Uncle John & Whitelock are dead. The Last Rites have been read and all that remains is a bludgeoned corpse seeking absolution in the ceremonious funeral procession preceding December’s burial at King Tuts. But before Auld Reekie inhales the band’s Dirty South stench one final time, tonight’s sonic pallbearers pay tribute to the memory of their departed friends.
Doune/Glasgow ensemble Household are first to the stage, directing a throb of self-combusting noise at Henry’s weeping mourners. Fusing brutal scuzz-fuzz riffs with incomprehensible snarling vocals, their vociferous elctro-punk is the rabid spawn of At The Drive In and Park Attack. Writhing and frothing to every discordant drum kick, this frenetic quartet suction the air from Henry’s Jazz Cellar and spew it out as victorious bile.
After the savage battering of Household, Copy Haho’s cathartic melodies feel like a languid post-mortem. Intrinsically indie, the baby-faced Aberdonians strive for the summertime sparkle of Broken Social Scene without ever actualising their ambition. Tracks like Still Surf Yeah glimmer with infectiously dreamy hooks but amidst the drabness of a humdrum set this vibrancy is lost in the audience’s obvious apathy.
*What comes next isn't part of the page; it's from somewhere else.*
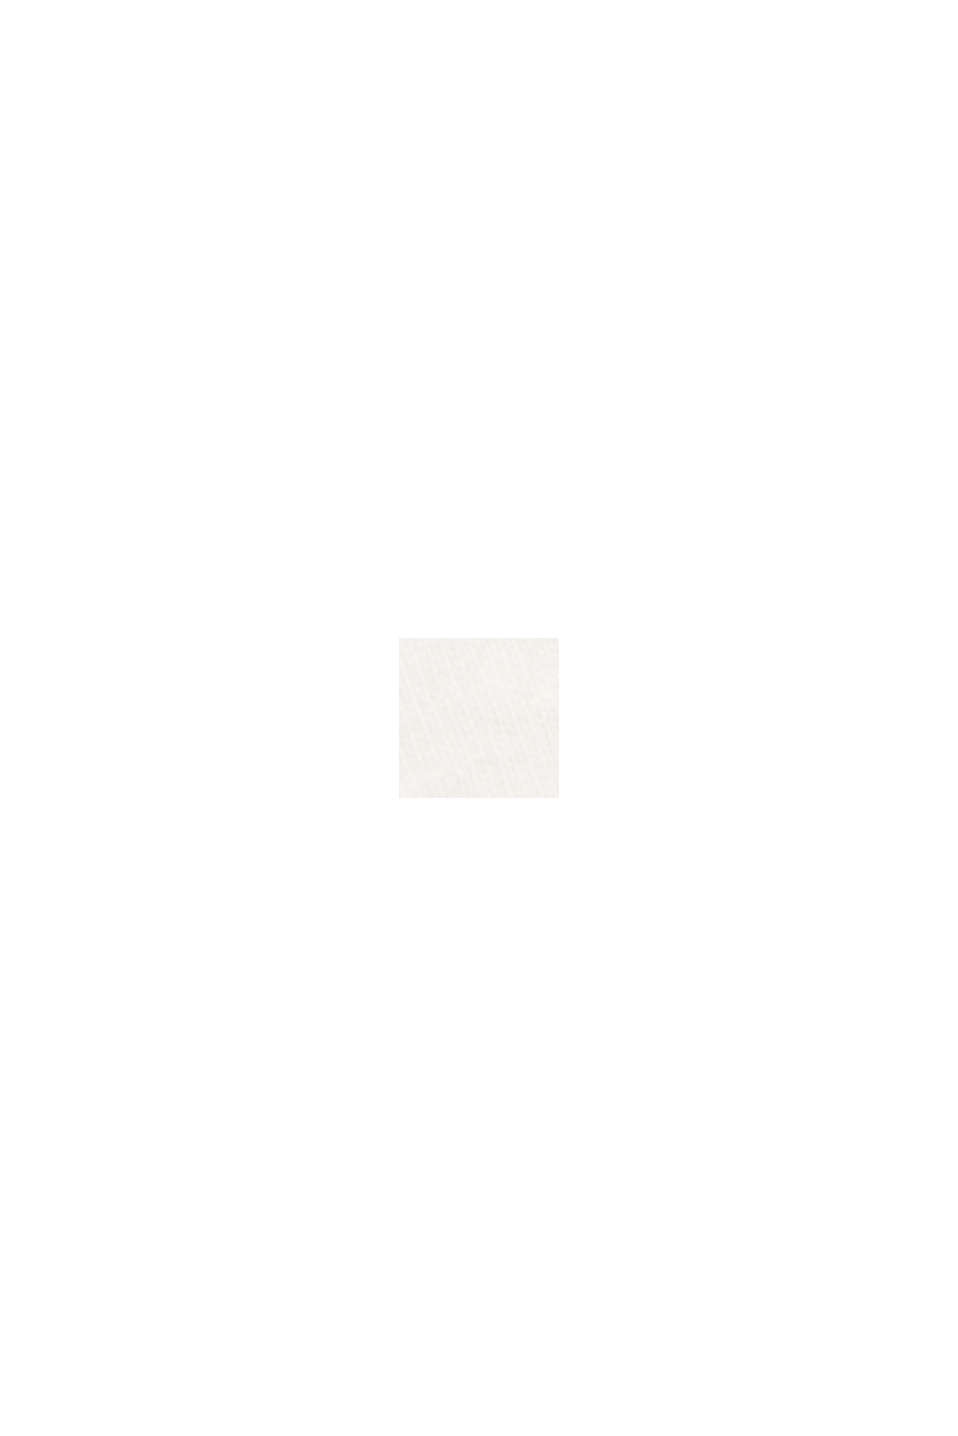 Jersey T-shirt van biologisch katoen/linnen, OFF WHITE, swatch

And then the carcass arrives; Uncle John & Whitlock trudge into the fore with a gaunt menace only the deceased can contrive. This band has never conformed – their terrifying zombie blues is still as luridly bloodthirsty as ever. What’s changed is the crowd: The frozen faces once unable to comprehend the chaos before them have been replaced by rapturous recitals and uncontrollable limb-shaking. And maybe that’s why it’s finished: the job is done. But right now none of this matters because, quite simply, There Is Nothing Else.
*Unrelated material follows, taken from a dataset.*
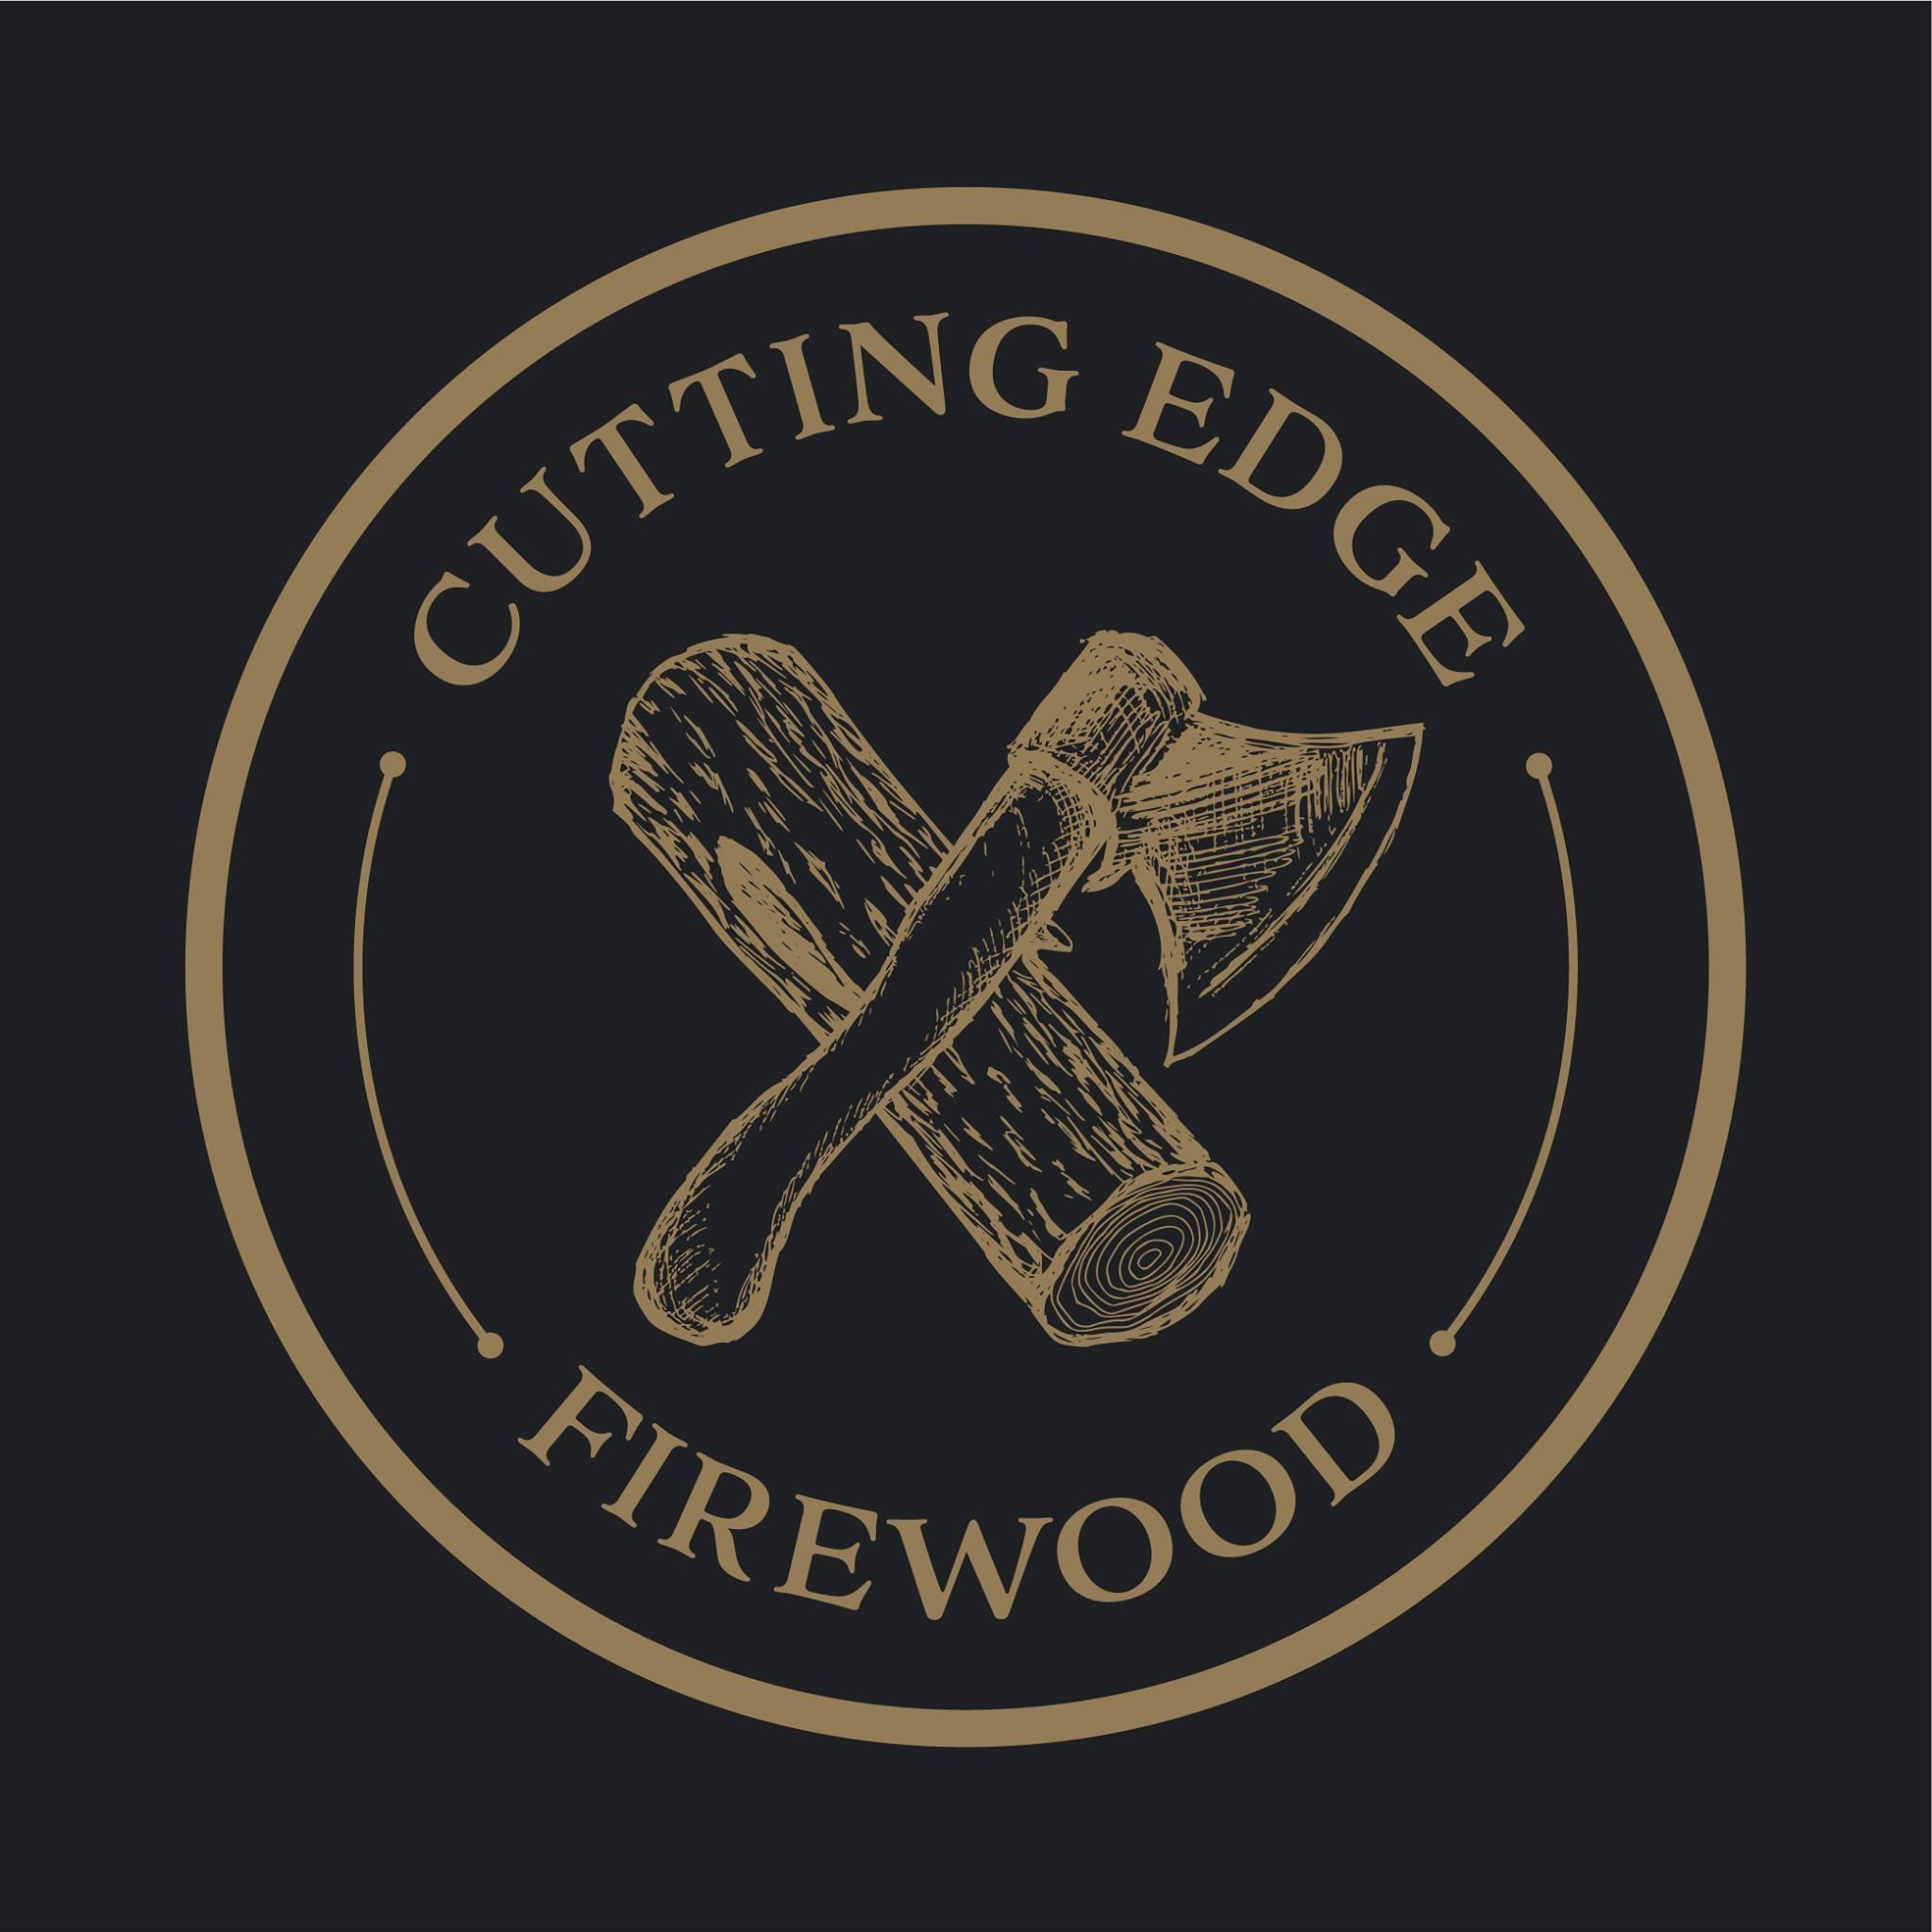 Cutting Edge Firewood

Preaching psychotically over the swamp-infested soul of Riverside, frontman Jacob Lovett is manically testifying “When you fall in you don’t come back” like a man possessed. But such metaphorical premonitions slink away unnoticed in a riotous atmosphere provoked by the hillbilly stomps of This Train and Hard Rain. The band’s searing velocity is affirmed during the ravaged Hospital when Raydale Dower’s bass string snaps in two as Matthew Black’s pneumatic drumming pummels the venue into submission.
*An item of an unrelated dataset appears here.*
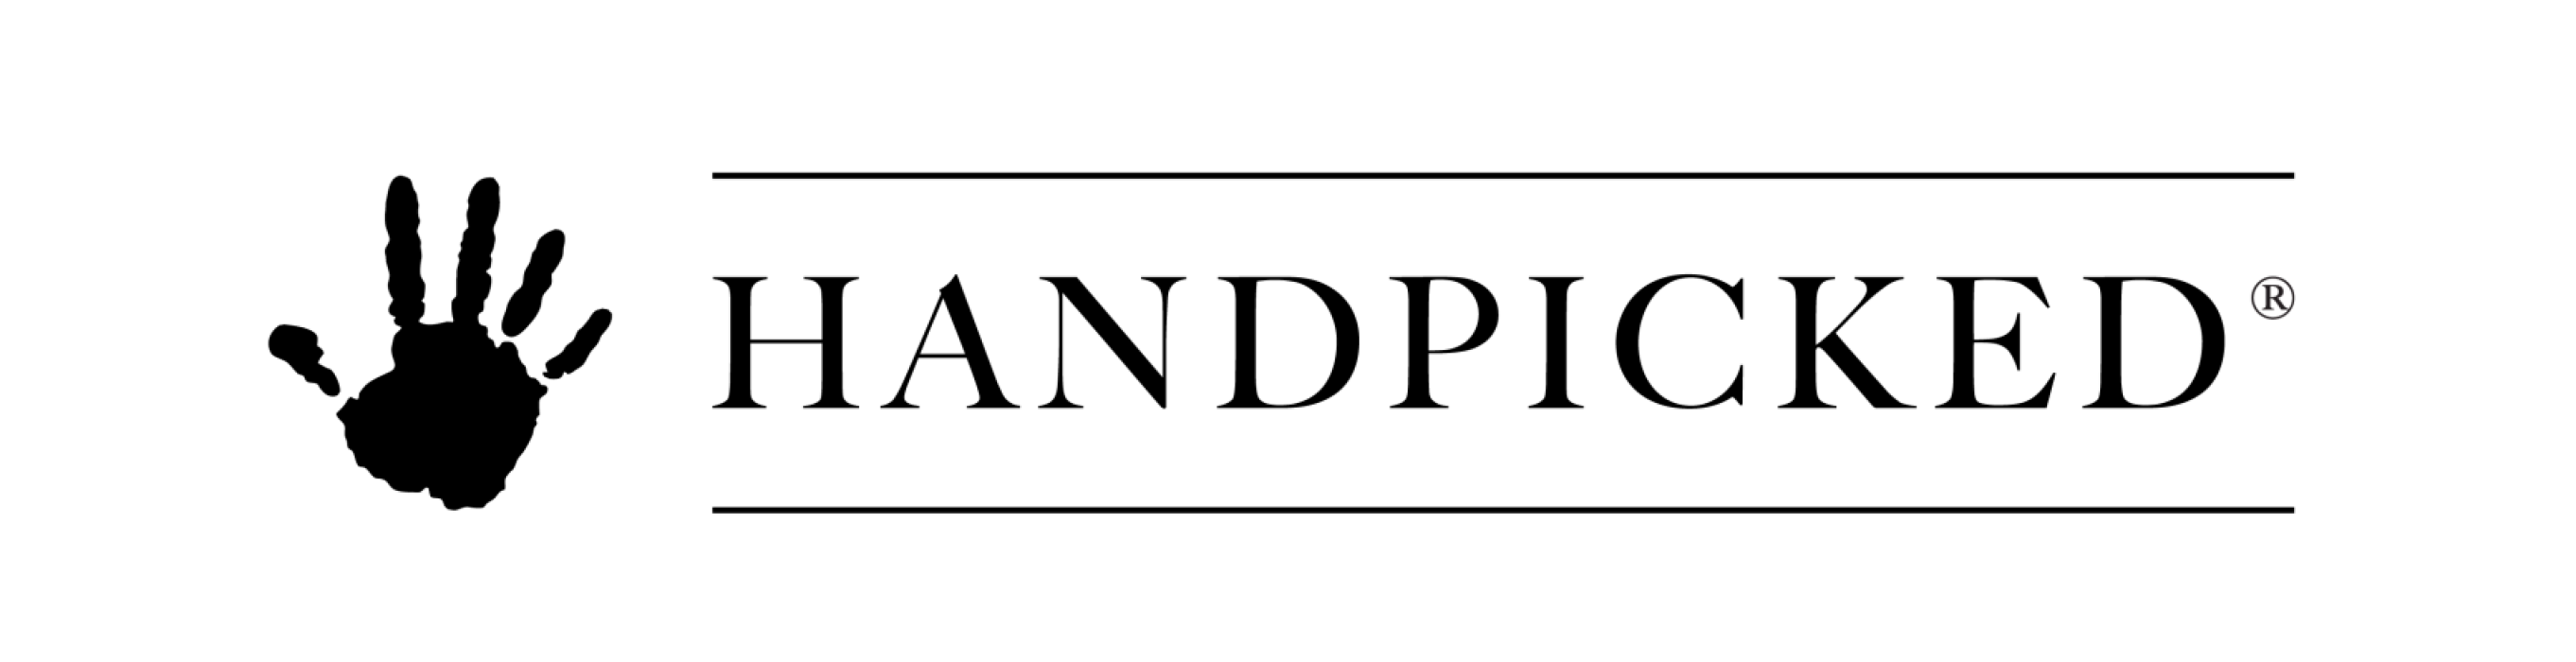 2.-Handpicked-HorizontalLogo-Black.png-01

Having blistered the eardrums with a crunching Maryhill Vibe, Lovett impulsively wields himself into his disciples with nihilistic disdain during Black Hat’s anarchic finale. Leaving the stage to the rampant accolades of a dumfounded crowd, he wails: “That’s it finished ” it’s doing my fucking head in”. After such an exhilaratingly short life, there’s surely no better epitaph for Uncle John & Whitelock’s headstone.